RADICALITE
Après l’Hadopi, les projets de loi américains Pipa et Sopa (voir Exp. n° 366, p. 42), c’est au tour de l’Acta (Accord commercial anti-contrefaçon) de provoquer des remous. En Europe, nos législations appliquent déjà une bonne partie des mesures envisagées par ce traité. Mais ce texte rencontre une hostilité grandissante, en raison des craintes de surveillance et de contrôle du net qu’il suscite.
Les réactions de part et d’autres se radicalisent. C’est l’escalade des ripostes. Des manifestations transnationales et simultanées sont organisées dans différents Etats de l’Union européenne. Les rues ne sont certes pas bloquées par des défilés massifs, mais la résistance s’intensifie. Beaucoup plus violents, des héraults de la liberté du net cachés derrière le masque des Anonymous lancent des attaques en déni de service contre les sites des institutions concernées et utilisent des méthodes de cyberguerre. L’affaire MegaUpload offre un autre exemple d’intensification des réponses. Le site et ses affiliés ont proposé une gigantesque offre de contenus au mépris des droits de propriété intellectuelle. Et la réaction des titulaires de droits a été sans merci. Sur injonction du tribunal, le FBI a obtenu que Verisign, une société de droit américain qui gère l’extension .com, a désactivé les noms de domaine du groupe. Les sites ne sont pas supprimés, ils ne sont tout simplement plus accessibles. La solution est efficace mais aussi dévastatrice pour ceux qui pensaient à l’abri leurs données licites stockées sur ces serveurs.

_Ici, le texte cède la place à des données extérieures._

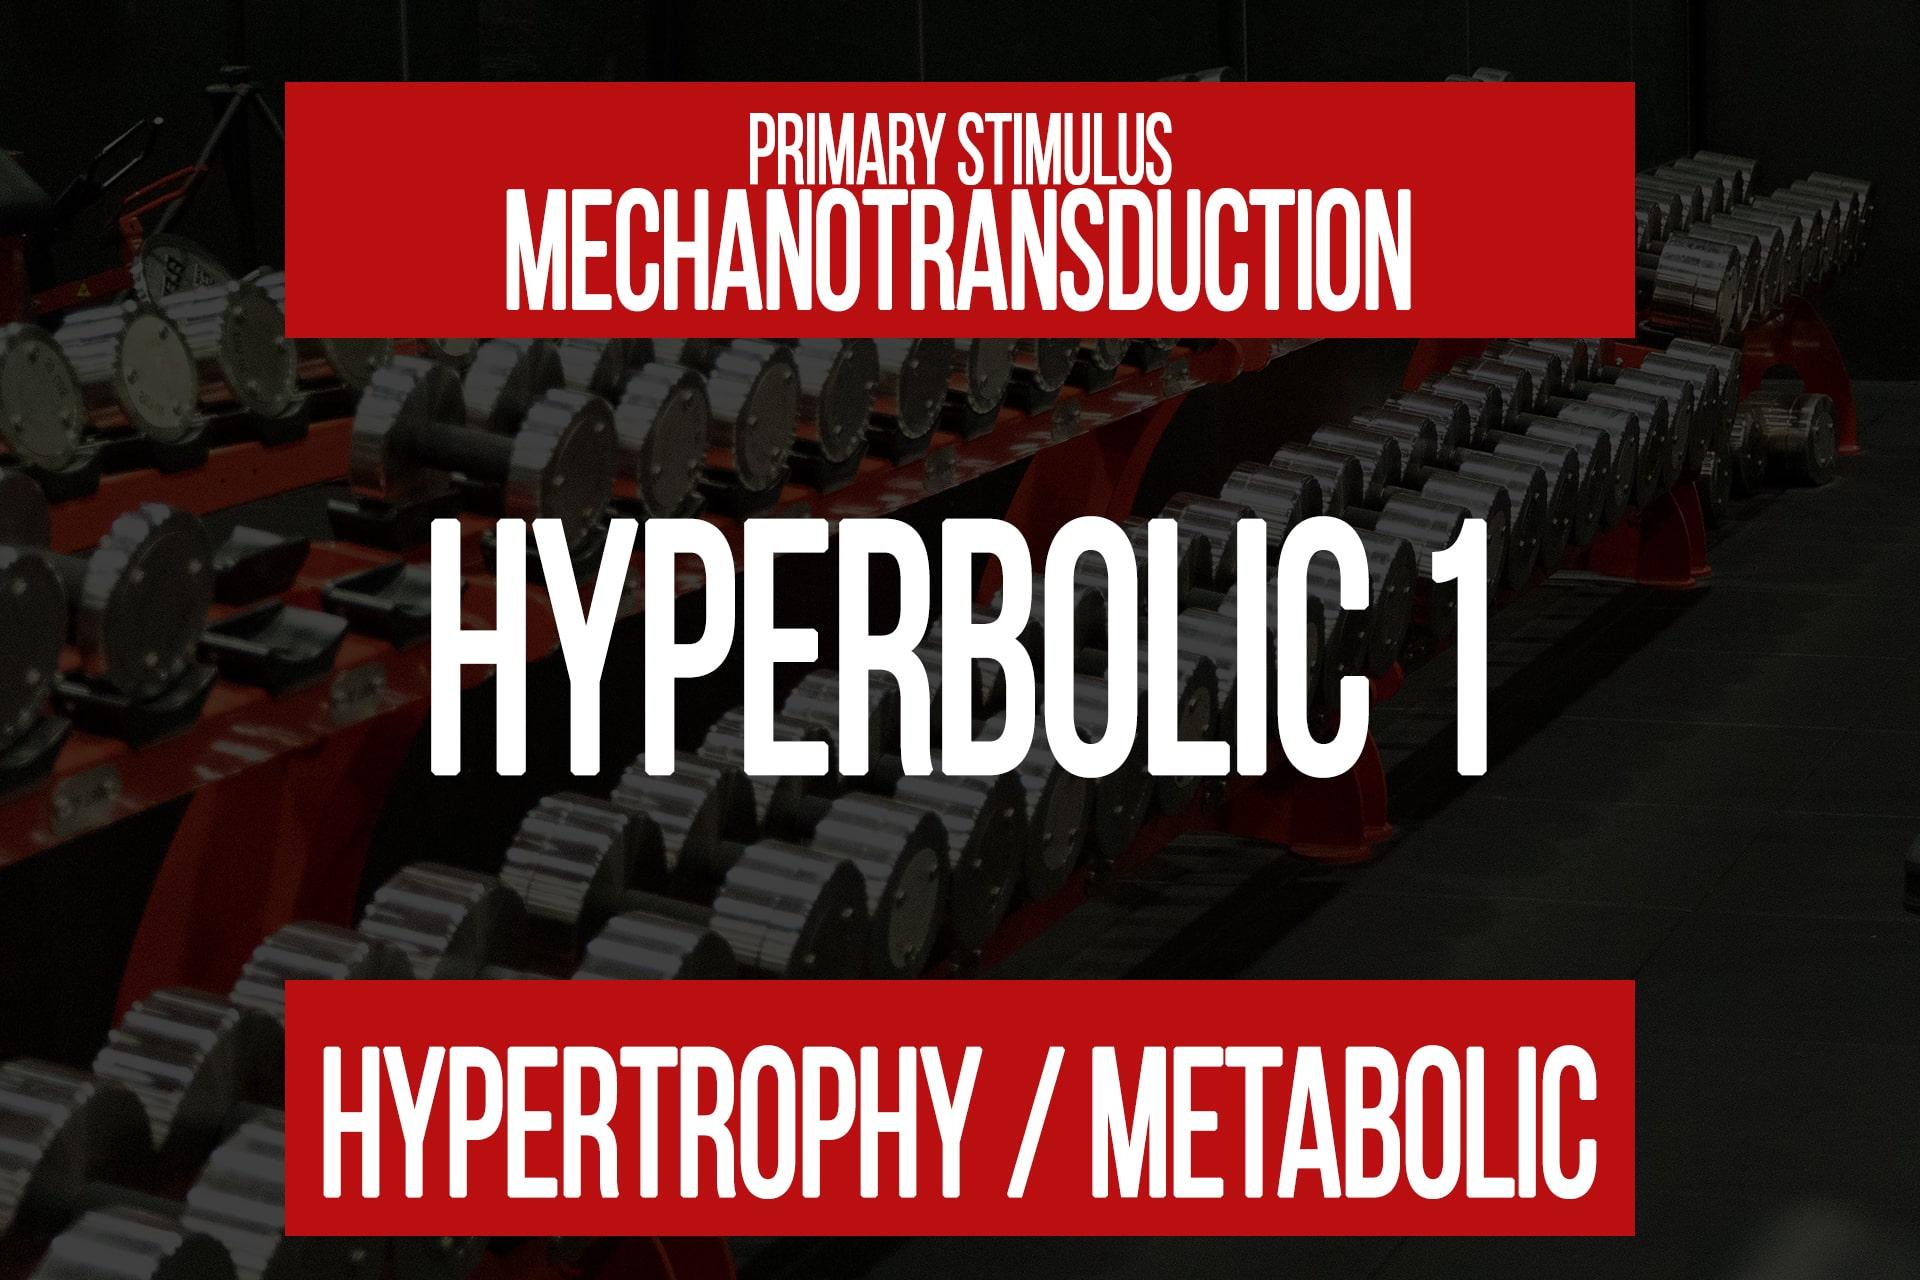 Hyperbolic 1

L’internet facilite la propagation des contrefaçons de biens matériels et immatériels. Et il est légitime que les ayants droit cherchent à enrayer un phénomène déstabilisant pour des secteurs d’activité entiers. Mais la méthode employée est-elle la bonne ? Est-elle efficace pour enrayer la contrefaçon ? Cela reste à démontrer. La négociation en catimini du traité Acta a par ailleurs suscité des craintes fondées mais aussi des fantasmes qui alimentent un climat de complot. La lutte contre le piratage entraîne aussi des dommages collatéraux dont les internautes et sites légaux risquent de faire les frais (liberté d’information et de communication, sécurité, confidentialité, neutralité, etc.). Avec l’internet, les décisions ne s’imposent plus sans l’adhésion des parties concernées. L’heure n’est plus à la démonstration mais à la régulation.